Of the genius manifested by Rudolph Wyss, Jules Verne had much more than a double portion. An Island was ever his spiritual home and no one, not even Robert Louis Stevenson, was ever happier upon one. "Their Island Home" is a satisfactory sequel to "The Swiss Family Robinson" because it is essentially the spontaneous production of an original genius set in activity by something outside itself. Wherever "The Swiss Family Robinson" is read—and that is everywhere—"Their Island Home" and "The Castaways of the Flag" should be read. In French they are already established classics. I hope that in this English translation they will prove equally enduring.

Cranstoun Metcalfe.


THEIR ISLAND HOME


CHAPTER I

SHOTS ASHORE AND SHOTS AT SEA!

The dry season set in at the beginning of the second week of October. This is the first spring month in the Southern zone. The winter in this nineteenth degree of latitude between the Equator and the tropic of Capricorn had not been very severe. The inhabitants of New Switzerland would soon be able to resume their wonted labours.
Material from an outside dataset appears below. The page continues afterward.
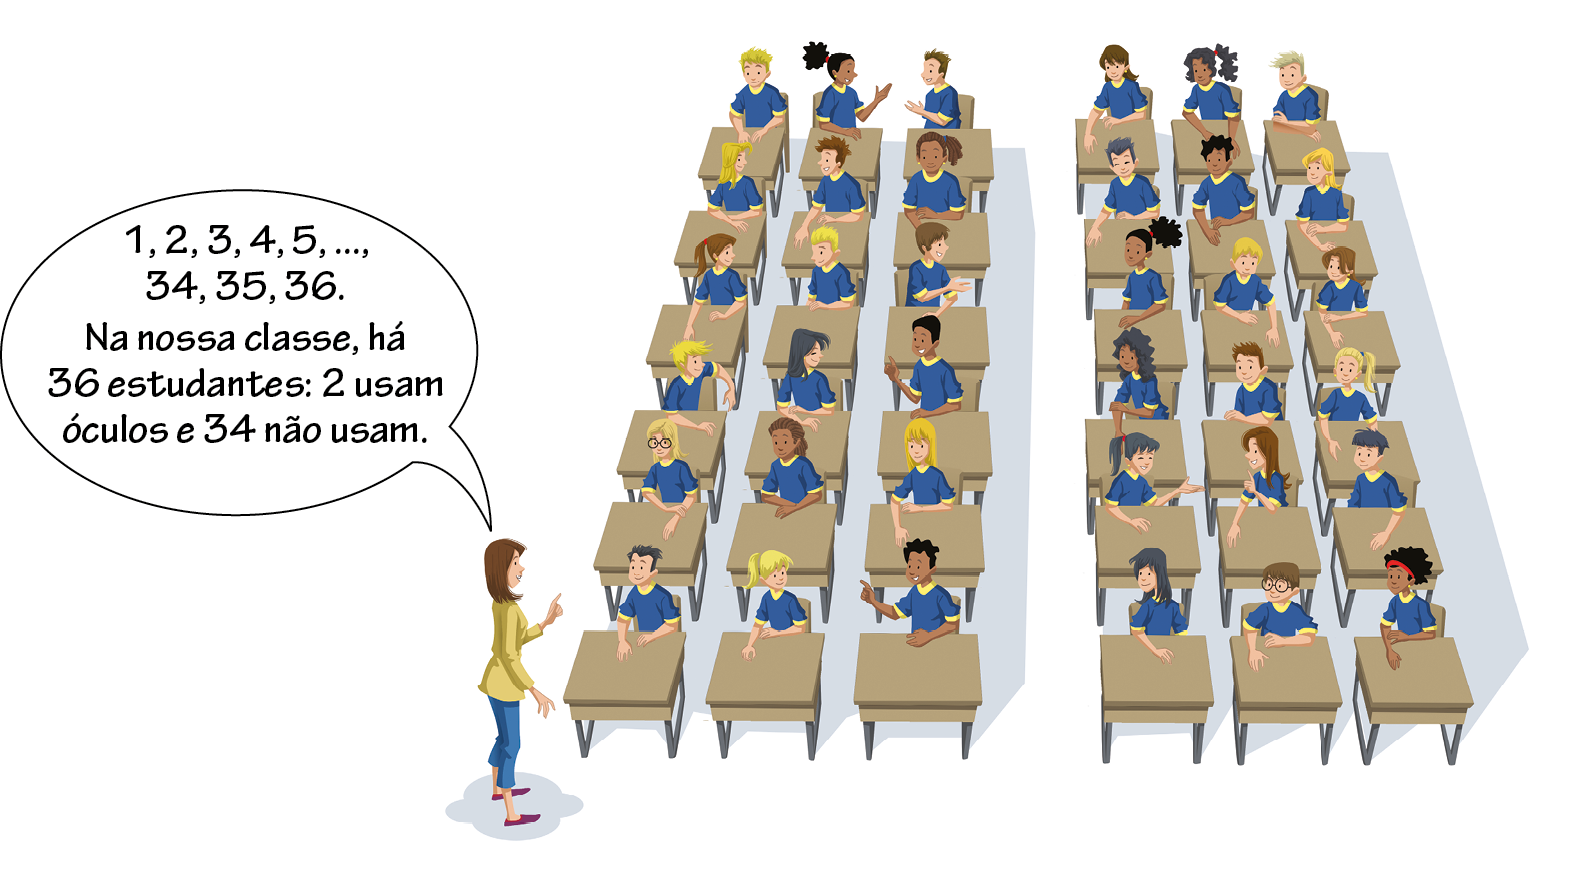 Ilustração. Vista frontal de uma sala de aula com as carteiras dispostas em 6 fileiras com 6 carteiras cada uma. Há dois grupos de 3 fileiras separadas por um corredor. Em cada carteira, um estudante está sentado, vestindo uniforme azul da escola. À frente da sala está uma professora de blusa amarela, calça azul e sapatos cor de vinho, dizendo: 1, 2, 3, 4, 5, reticências, 34, 35, 36. Na nossa classe, há 36 estudantes: 2 usam óculos e 34 não usam.

After eleven years spent upon this land it was none too soon to attempt to ascertain whether it was a part of one of the continents laved by the Indian Ocean or whether it must be included by geographers among the islands of those seas.

Since the rescue by Fritz of the young English girl upon Burning Rock, M. Zermatt and his wife, his four sons and Jenny Montrose had been happy on the whole. Of course they had at times fears of the future and of the great improbability of deliverance reaching them from outside, and they had, too, memories of home and a longing to get into touch again with mankind.